At The Repair Cafe, Volunteers Have A Full Menu Of Items To Get Back In Working Order

By Nita Lelyveld
Los Angeles Times.


Jessica Ferree brought in a toaster with a lever that no longer held slices down. Sade Musa had a torn skirt with a sagging elastic band. Jean Prinz hoped to get the blades of her scissors honed and have holes drilled into her compost bins.

Anyone with things in need of TLC is welcome to show up at the free monthly event, and volunteers with a range of skills do their best to get the items back in working order. Together, they reduce waste by not just throwing out the old and buying new.

On a recent Saturday in a Pasadena church hall dubbed The Repair Cafe, several seamstresses sat before sewing machines.

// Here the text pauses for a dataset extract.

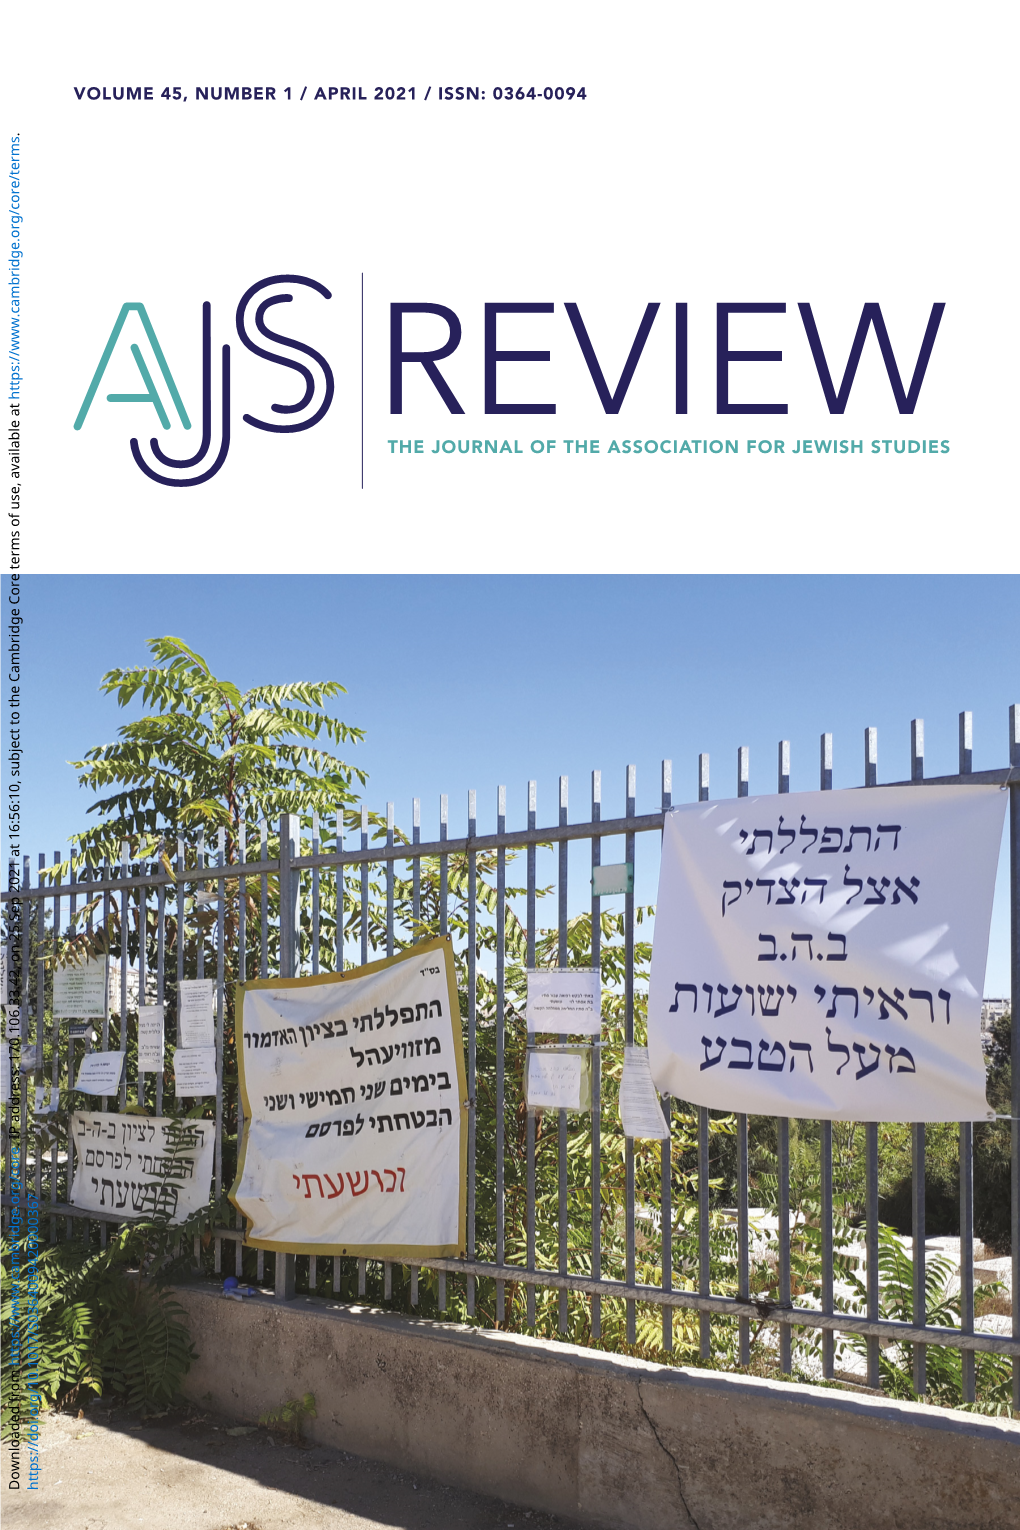 Reviewthe Journal of the Association for Jewish Studies

Half a dozen tinkers were poised to try to solve whatever puzzles came their way. Someone was there to tackle computer problems, someone else to mend jewelry. Haircuts, silver polishing and garden design consultations were available too.

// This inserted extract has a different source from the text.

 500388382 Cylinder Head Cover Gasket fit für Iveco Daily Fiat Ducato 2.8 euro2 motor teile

Not that people had to fit neatly into set roles. Give-and-take was very much encouraged. So while she waited for help on her projects, Prinz perched outside, offering passersby some of her red wriggler worms, which were squirming in wet newspaper in a bucket, near seedlings also for the taking.

Quite a few people brought items from home to recycle in the cafe’s “really, really free market.”

One woman who’d had her fill of Weight Watchers laid out a collection of the program’s cookbooks, which another woman happily scooped up. Clothing hung on racks, and tables were piled high with bric-a-brac, toys, DVDs.